I am building an asynchronous distributed system that serves as a backend for a mobile app. The system does a lot of processing and communicates with couple of external components. From the start, I decided to design the system as a choreography of micro-services. But other than this basic constraint, I decided on iterative approach to the design. Starting with something simple and evolving it over time…

In this article, I will walk you through couple of challenges I had designing the system and how I choose to solve it. To me, it was interesting to see how the system started coming together and how patterns started to emerge. Because I designed the system from scratch adding layers of complexity over time, I feel I now have better grasp of some of the concepts and patterns in distributed computing and I would like to share that experience with you. This is a first article that focuses on system resiliency but I plan on writing several more, covering various aspects of the whole system.

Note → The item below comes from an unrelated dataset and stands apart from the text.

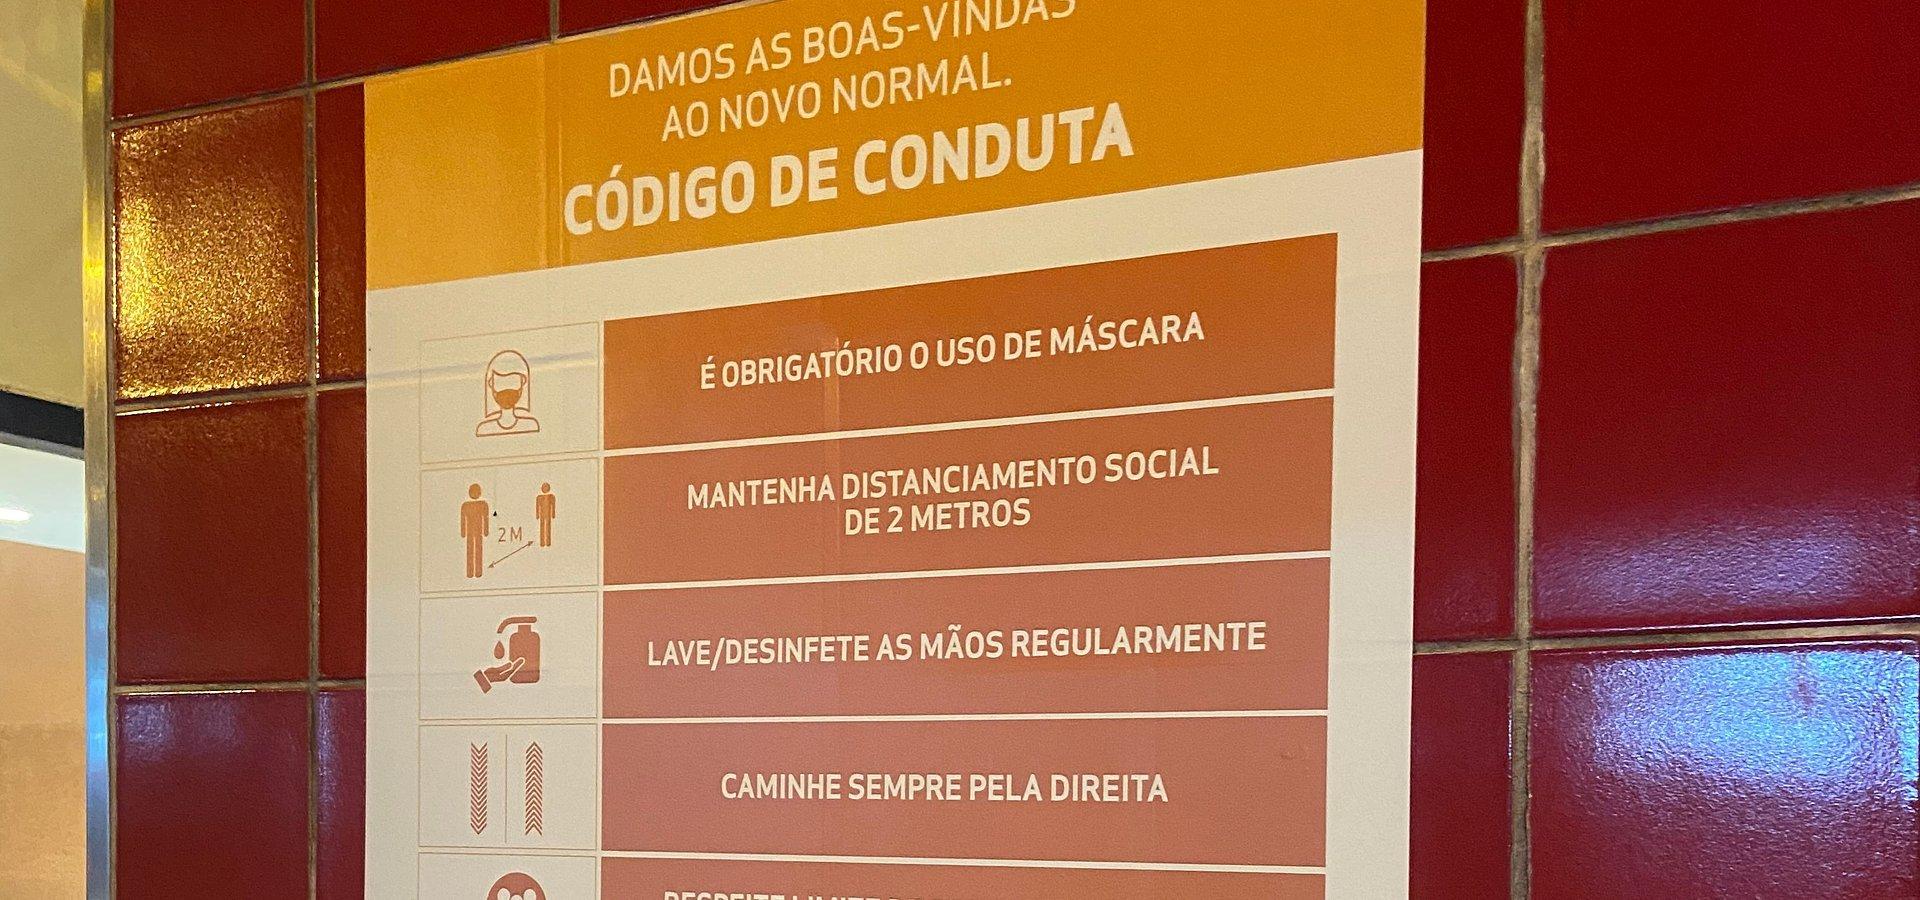 CoimbraShopping implementou medidas adicionais para garantir segurança de visitantes, lojistas, prestadores de serviços e colaboradores

Before we get started, let me briefly cover the difference between choreography and orchestration:

Choreography vs Orchestration

Service orchestration represents a single centralized executable business process (the orchestrator) that coordinates the interaction among different services. The orchestrator is responsible for invoking and combining the services.

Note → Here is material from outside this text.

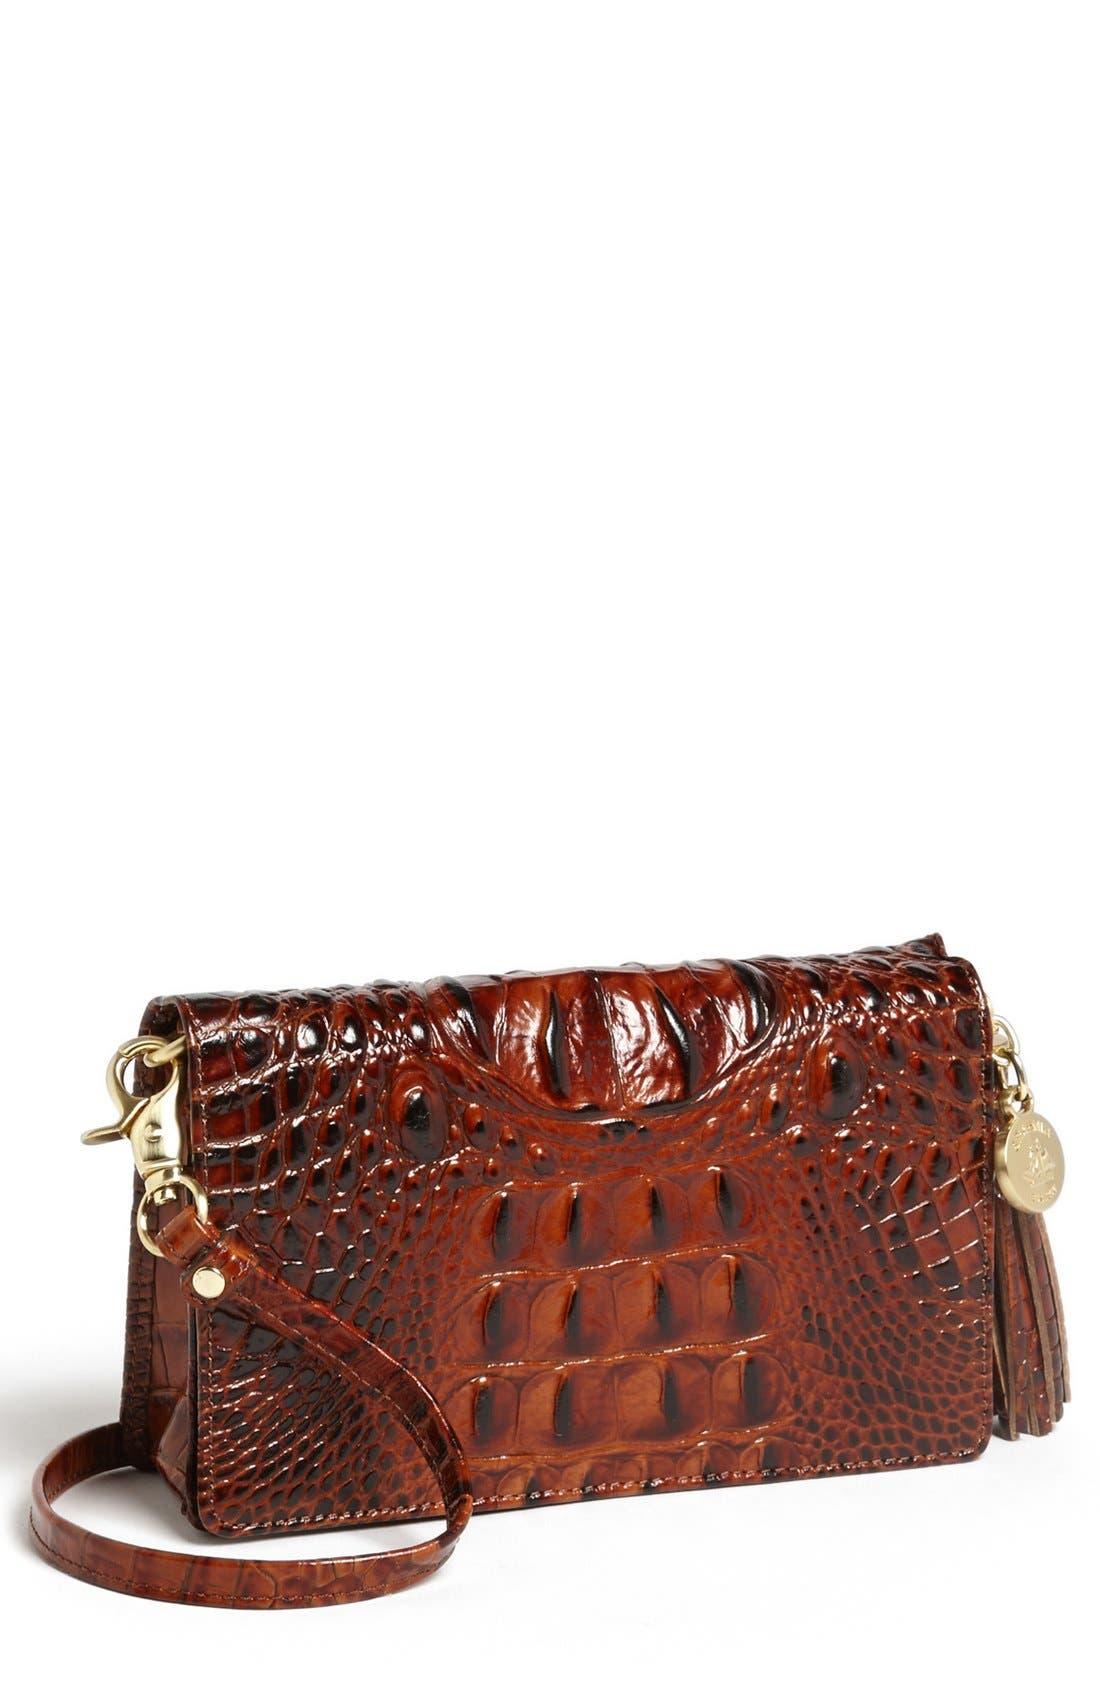 Alternate Image 1 Selected - Brahmin 'Melbourne - Amelia' Croc Embossed Leather Crossbody Clutch

Service Orchestration — curtesy of user Andrei https://stackoverflow.com/a/29808740

Service choreography is a global description of the participating services, which is defined by exchange of messages, rules of interaction and agreements between two or more endpoints. Choreography employs a decentralized approach for service composition.

Service Choreography — curtesy of user Andrei https://stackoverflow.com/a/29808740

The Problem

The problem arose when I decided to switch out an external API to my own as a cost saving measure and to better cater to my use case. Creating the new API was a challenge of it’s own (and well worth a separate article — if you ever wonder when you are going to use all those fancy algorithms they taught you in your Computer Science class, you will want to read this!) but in this article I want to focus on a different, but nevertheless equally interesting problem.

This new API is a self contained system (set of two micro-services) that provides an interface for the main distributed pipeline to query new processing and receive results. Processing itself is a very resource intensive task — single request requires several GBs of RAM and hefty amount of CPU time.

In the first “MVP” version of the system I did not care much about the resource consumption which quickly led to the service crashing when several requests were being processed at the same time.

Most obvious measure — that I chose not to implement at this time — is to scale out. You know: stick a load balancer in front, and scale (automatically or manually) the number of machines that run the service. My service is stateless, so there would be no need to implement session affinity.

But I chose not to implement (auto-)scaling primarily to save cost. This subsystem is expensive as it is with a single node.

There were additional constrains on what the system needed to support so it ended up requiring a custom Docker image running on Ubuntu distro — and Infrastructure-as-a-Service is never a cheap option. At this phase in the project, we don’t need to scale.

First measure I took to remedy the problem was to introduce and internal request queue and throttling mechanism. It uses a notion of “processing tokens” — essentially a number that represents number of requests that can process in parallel on the system and this number is configurable. If I decide to scale up my machine, I can grant more tokens, if I scale down, I can decrease the number of tokens.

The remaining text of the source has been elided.